= Work required =
Set down all of the data exactly. Pictures stay out of the copy.

= Data provided =
──────────────────────────────

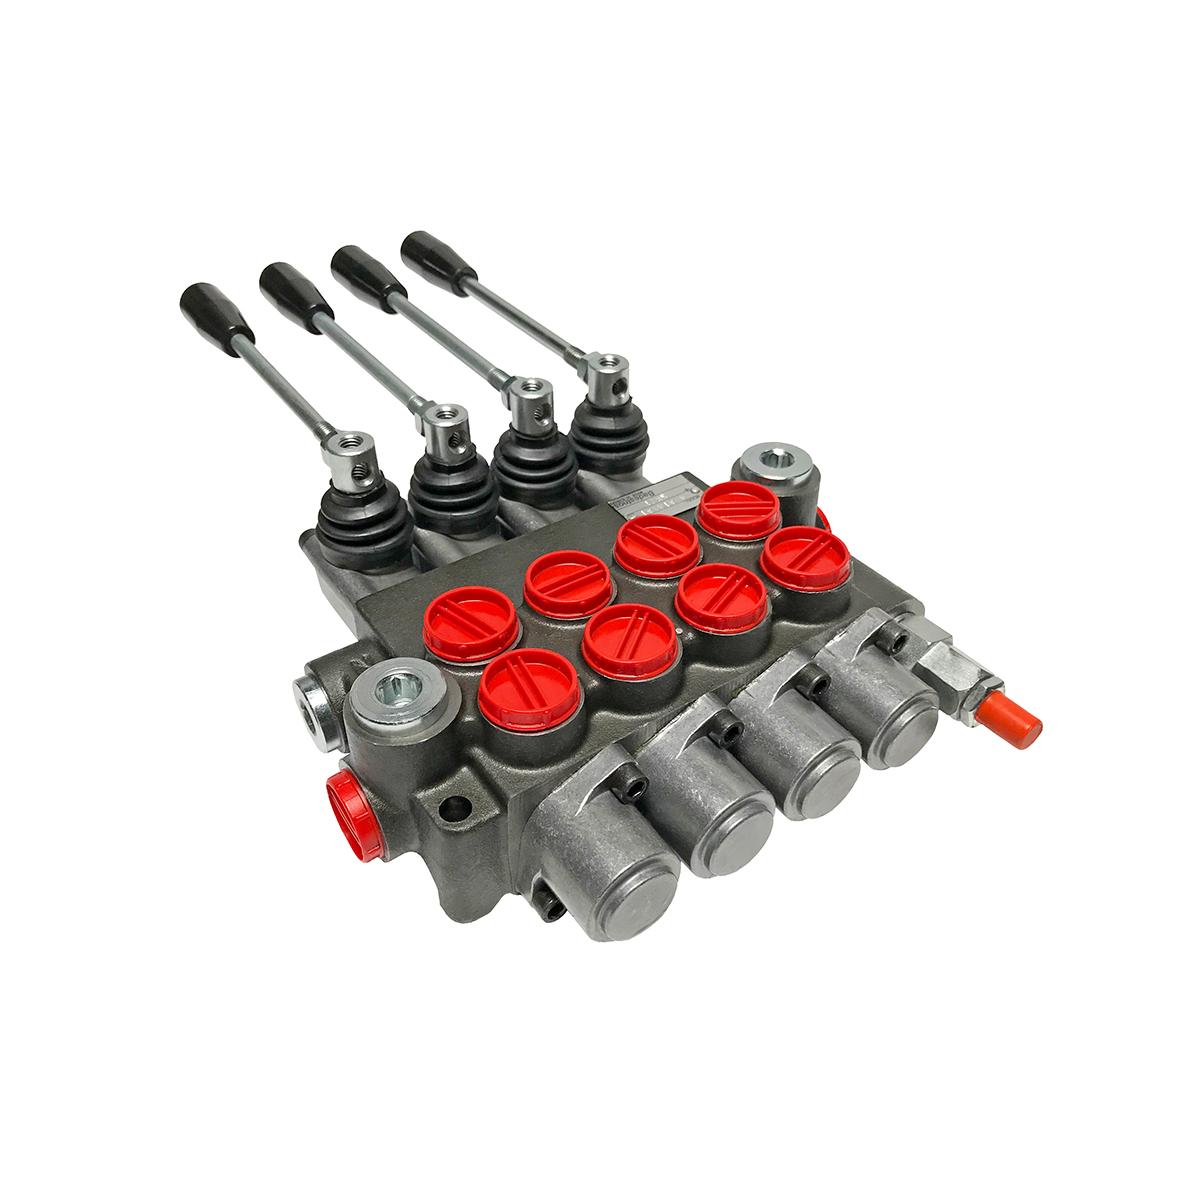 4 spool x 13 GPM hydraulic control valve, monoblock cast iron valve | Magister Hydraulics
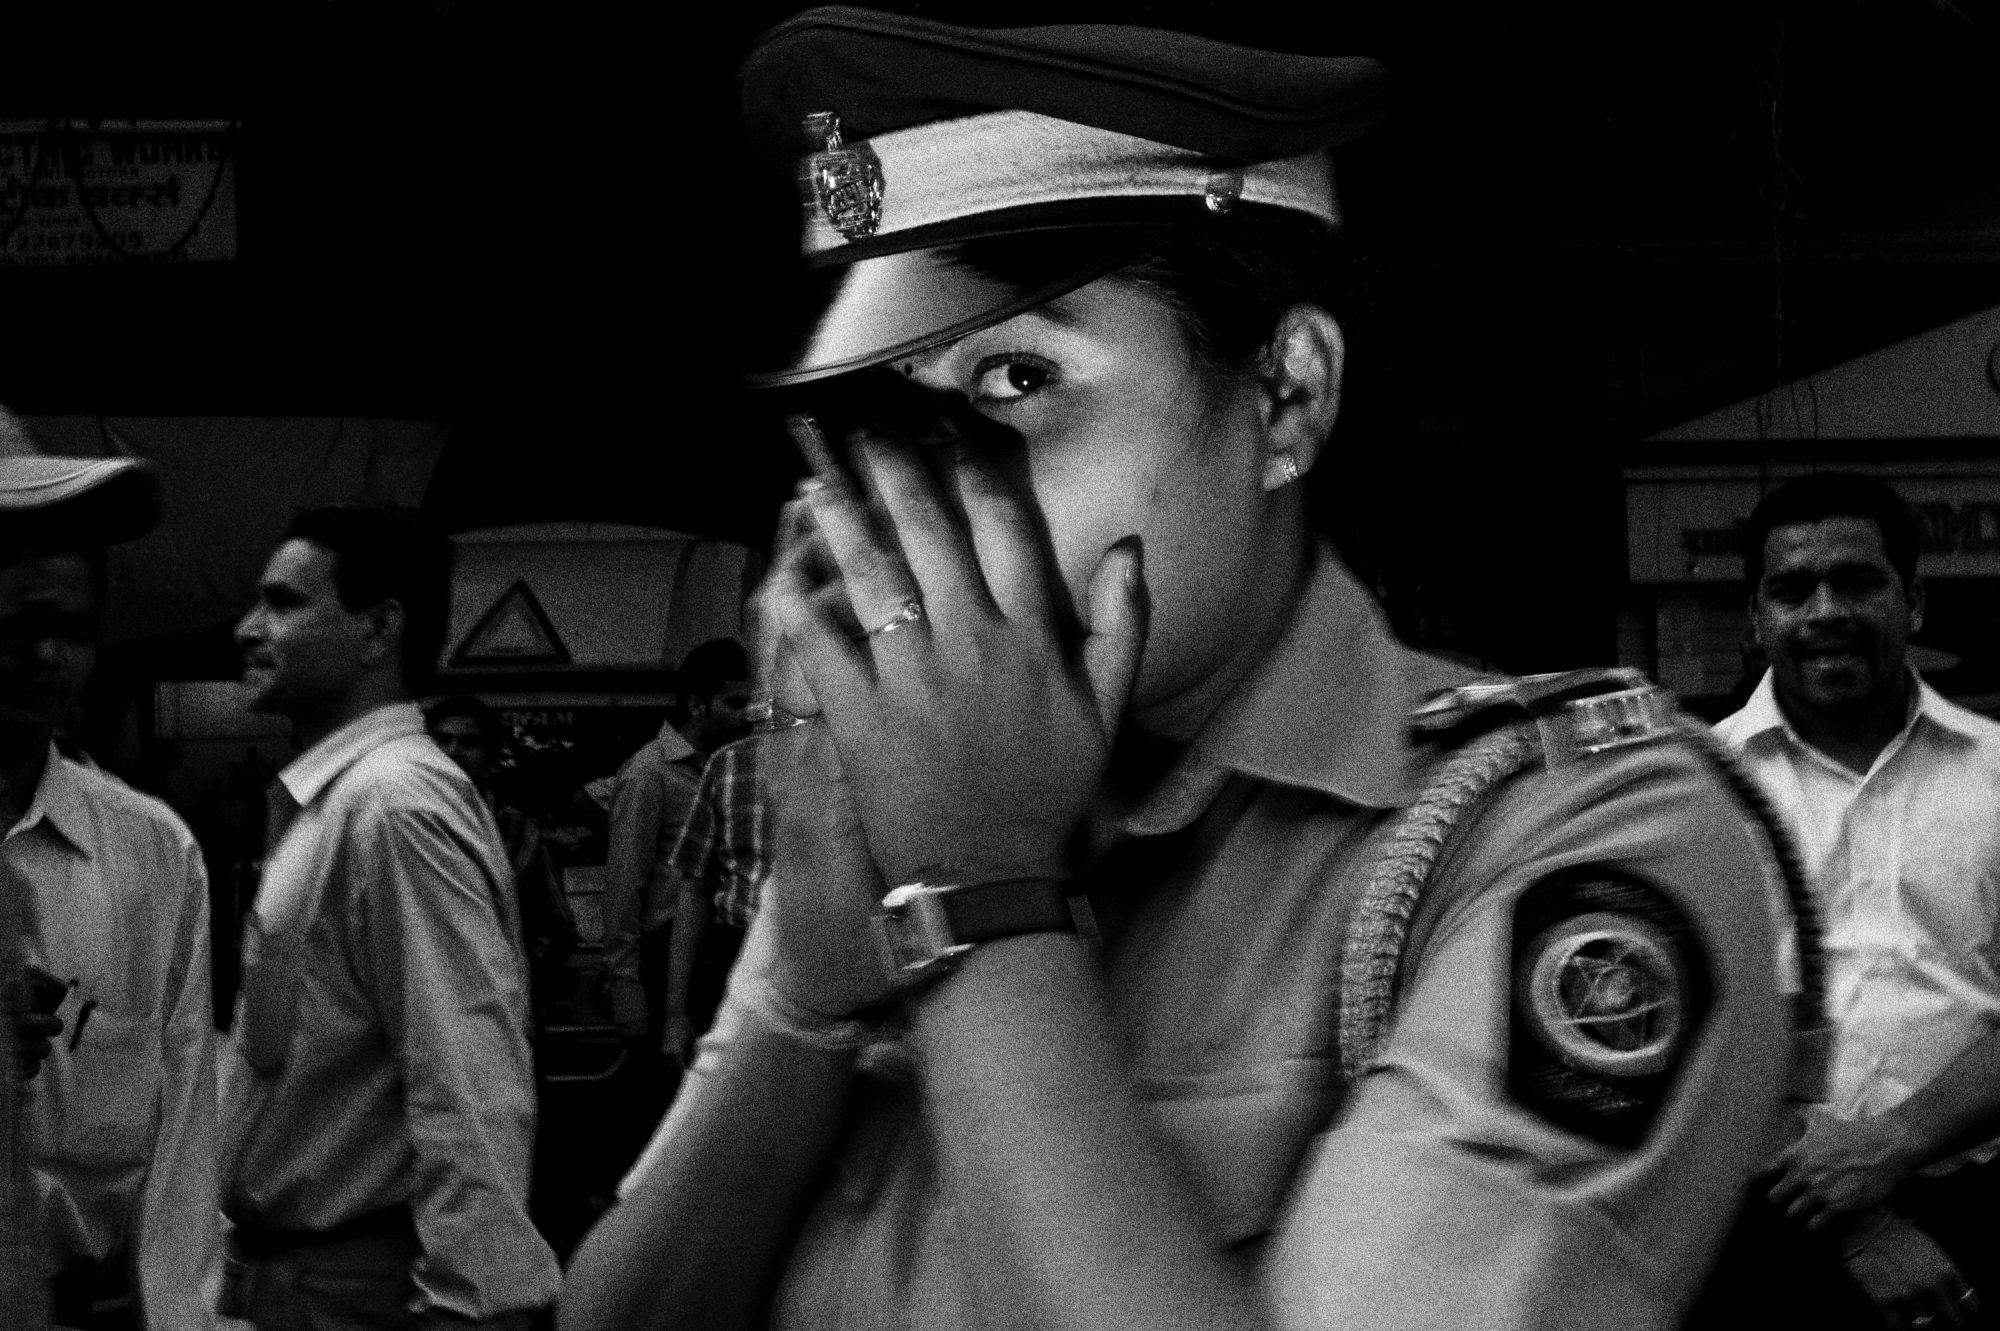 Mumbai, 2011. Leica M9 x Flash
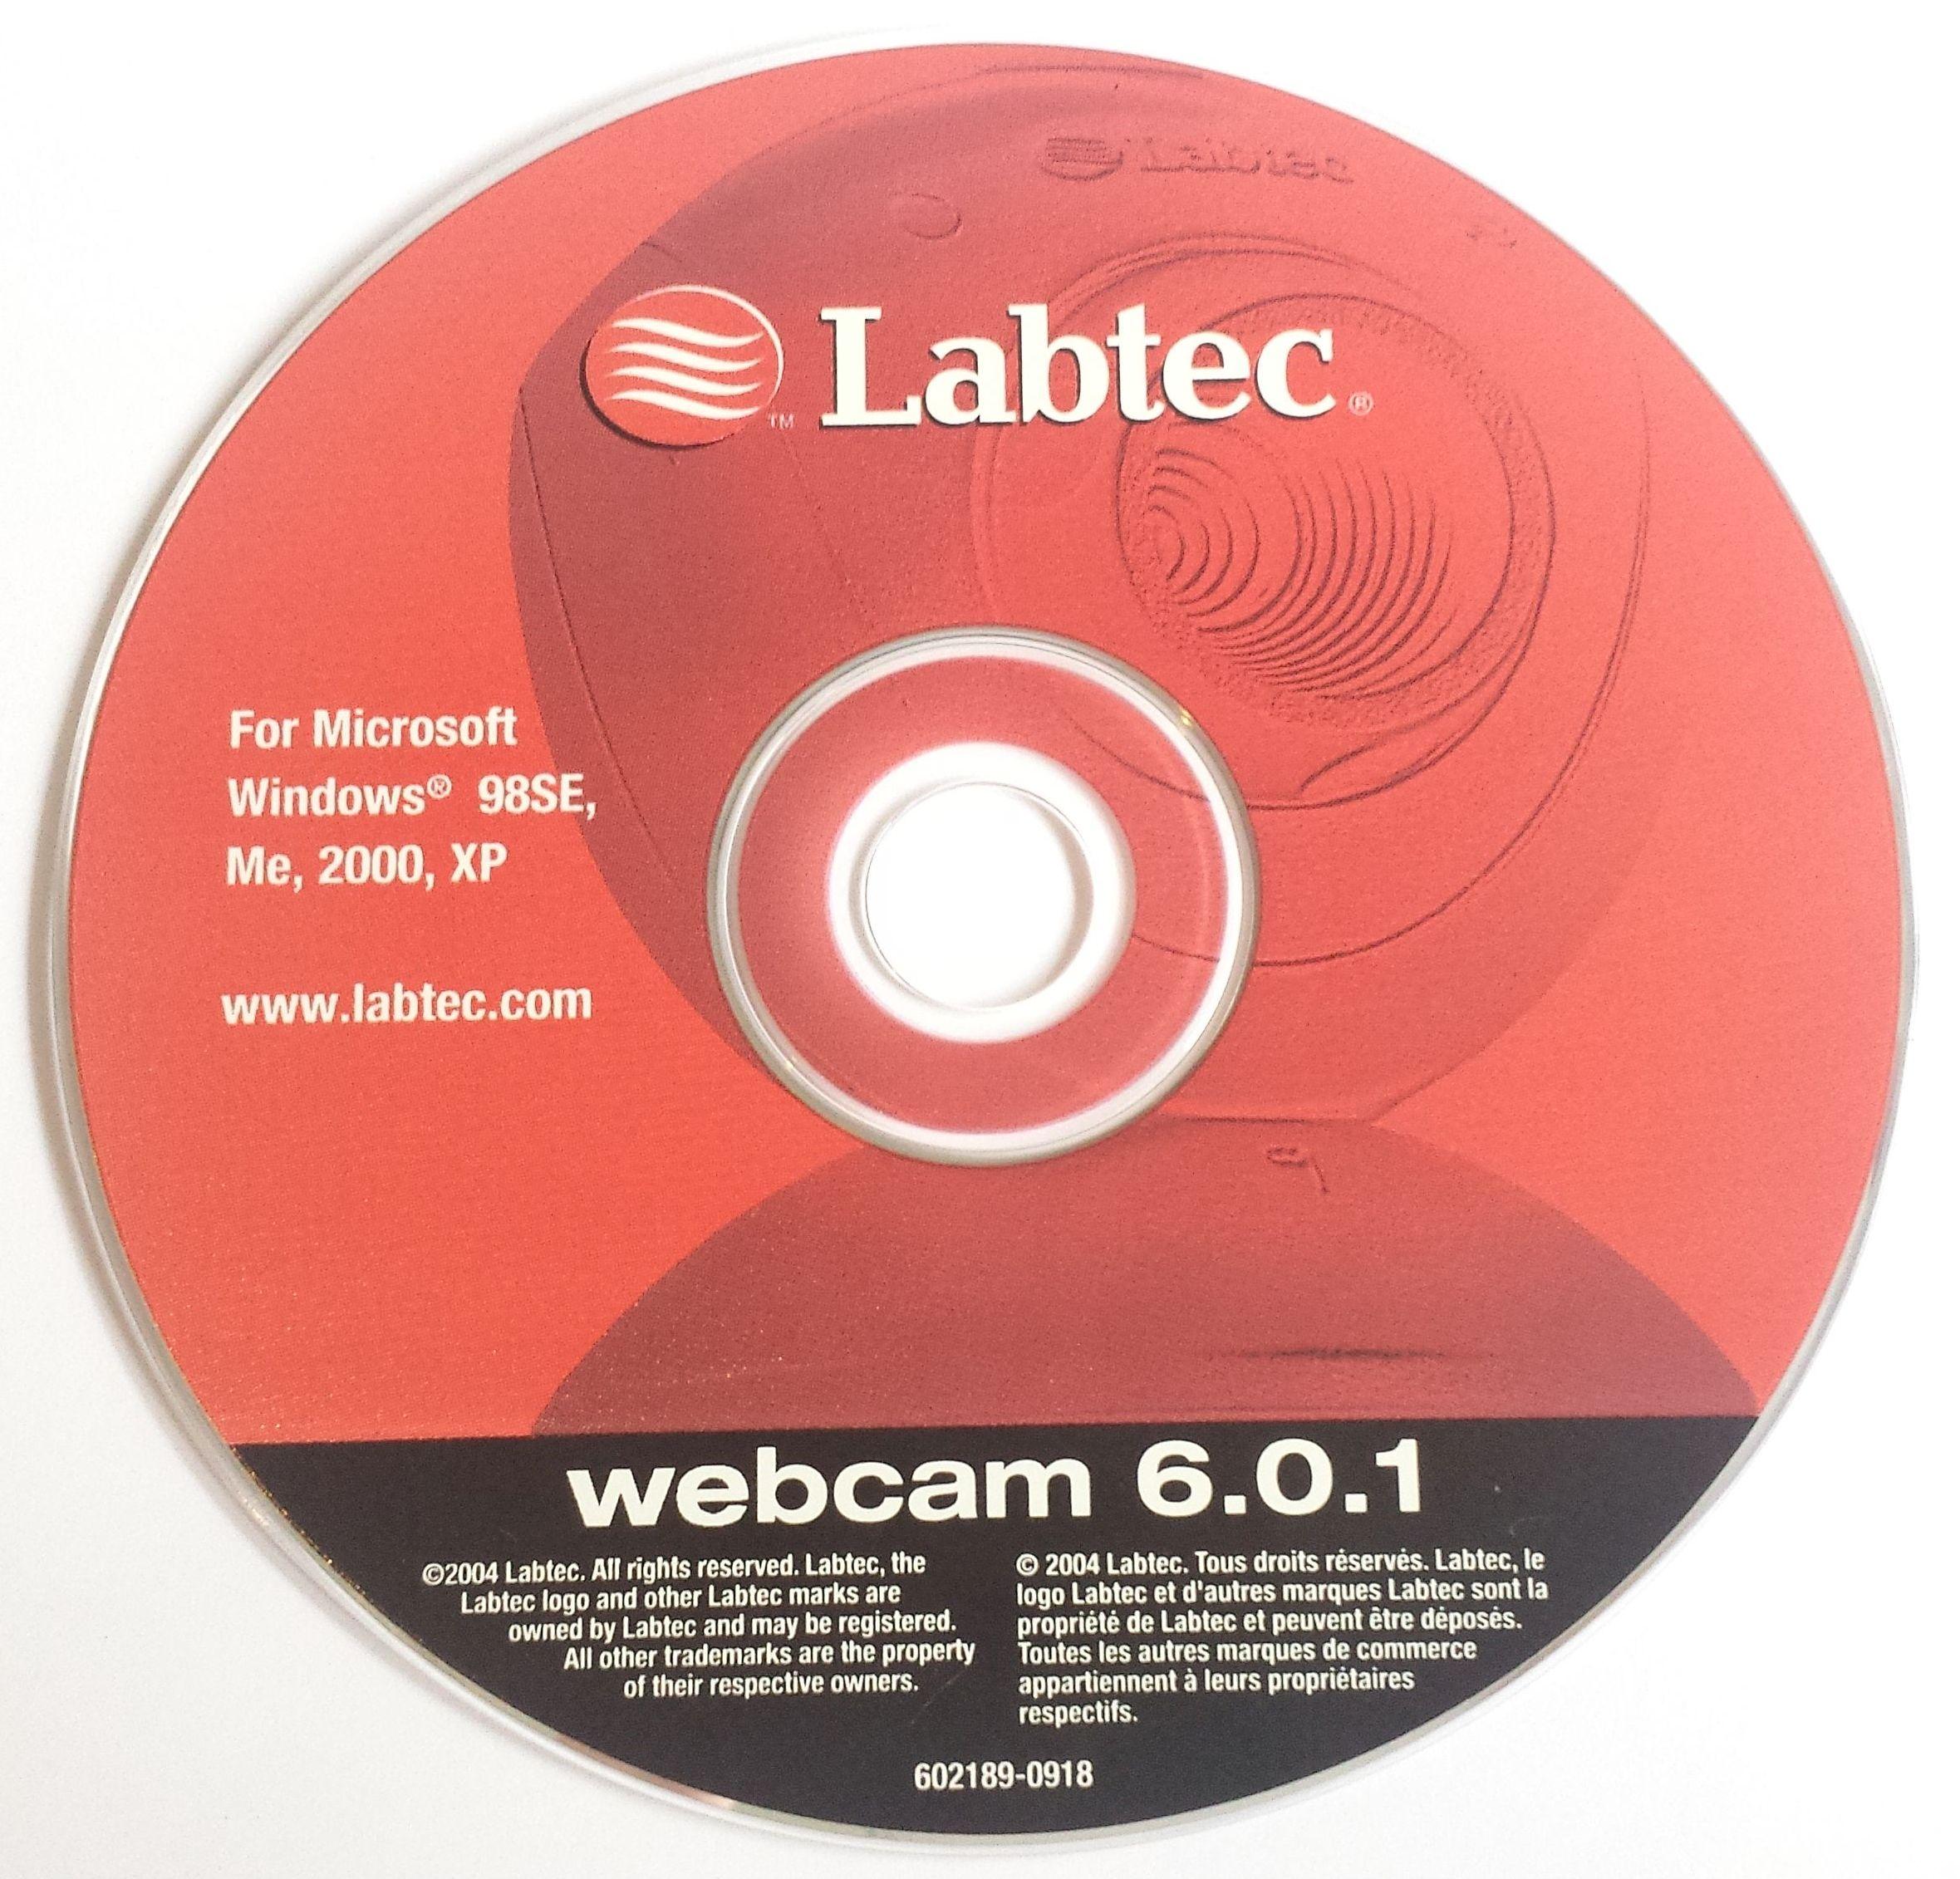 webcam Labtec driver

──────────────────────────────

= Problem solution =
 4 spool x 13 GPM hydraulic control valve, monoblock cast iron valve | Magister Hydraulics
 Mumbai, 2011. Leica M9 x Flash
 webcam Labtec driver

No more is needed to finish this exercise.